Splice Machine, led by founder and CEO Monte Zweben, has been developing what it calls the industry's only real-time, SQL-on-Hadoop database that's capable of handling petabytes of data. In October, the company launched a limited release program for the new software and is shooting to make the product generally available sometime this winter.

San Francisco-based Splice Machine is developing the database as an alternative to traditional relational databases, such as Oracle and IBM DB2, for real-time, transactional big data applications. Target customers are organizations that are finding it expensive to scale their commercial relational databases on specialized hardware, as well as those developing new applications that require scaled-out data platforms.


CEO: Mark Terenzoni

Sqrrl was quietly started in 2012, but it's been getting a lot of attention this year. Some of that has to do with its pedigree: Sqrrl's founders came from the super-secret National Security Agency and helped develop that organization's massive database.

The Sqrrl Enterprise database software offers column, graph and document store capabilities to power big data applications. The product's real forte is its ability to scale up and provide data security at the cell level. The 1.1 release in June moved the product from limited release to general availability, as well as added advanced security tools and enhanced analytic capabilities.

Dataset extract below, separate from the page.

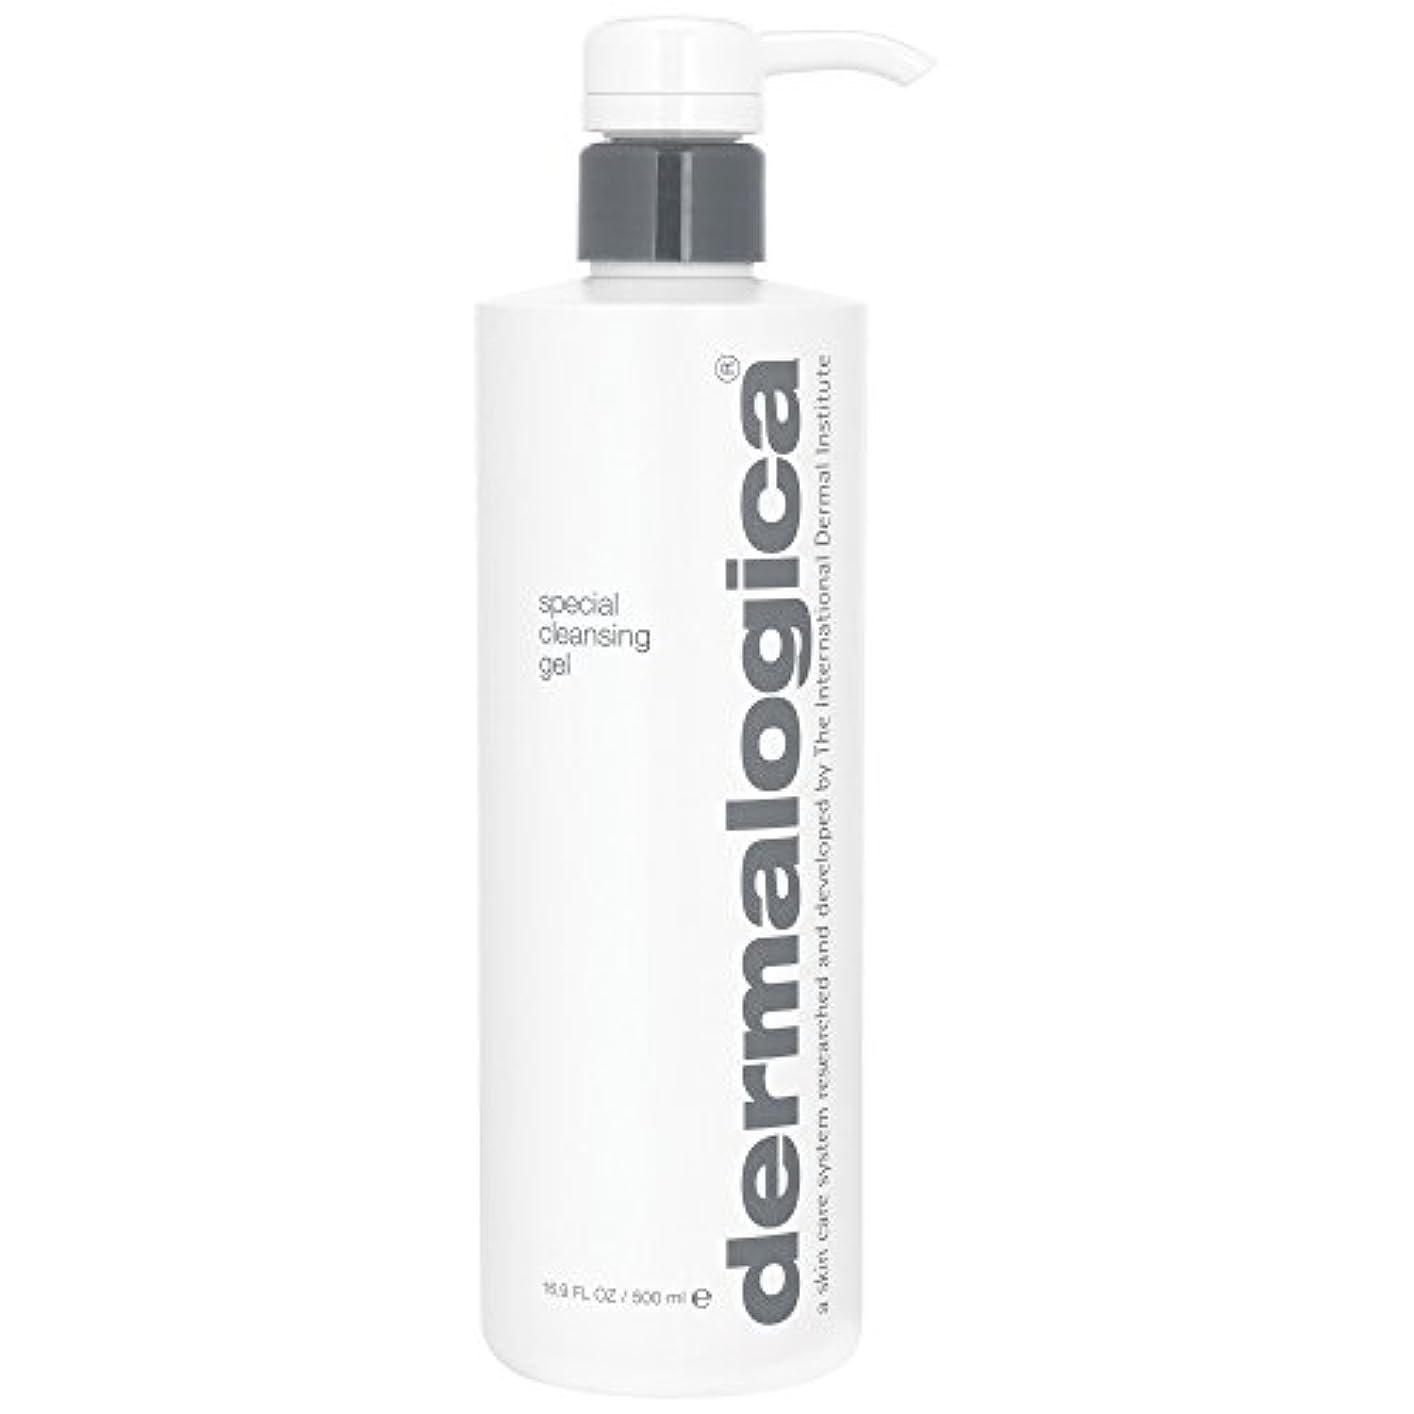 ダーマロジカ特別なクレンジングゲル500ミリリットル (Dermalogica) (x2) - Dermalogica Special Cleansing Gel 500ml (Pack of 2) [並行輸入品]

The Cambridge, Mass.-based company raised $5.2 million in first-round financing in October, with investors Atlas Ventures and Matrix Partners leading the way.


CEO: Ali Kutay

WebAction offers a real-time big data server that IT organizations can use to acquire, process and deliver structured and unstructured data. The platform, according to the company, can filter, process, enrich and correlate data while it's still in motion -- all critical for next-generation, data-driven applications.

WebAction, based in Palo Alto, Calif., was founded in 2012. The company's CEO is Ali Kutay, who was CEO of Golden Gate Software before Oracle acquired it in 2009.

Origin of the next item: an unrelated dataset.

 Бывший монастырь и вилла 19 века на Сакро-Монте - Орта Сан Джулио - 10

In July, the company raised $11 million in second-round financing with venture capital firm Summit Partners leading the round.


CEO: Yaniv Mor

While Hadoop is quickly becoming the standard platform for working with big data, the open-source technology is notoriously difficult to work with. Xplenty offers a cloud Hadoop-as-a-Service and tools that data managers use to get the benefits of Hadoop without the hassle and complexity. That, according to Xplenty, makes the potential benefits of big data available to a wider audience of businesses.

Xplenty officially launched its software platform in April of this year. Based in Tel Aviv, Israel, the company was co-founded in 2011 by CEO Yaniv Mor and CTO Saggi Neumann.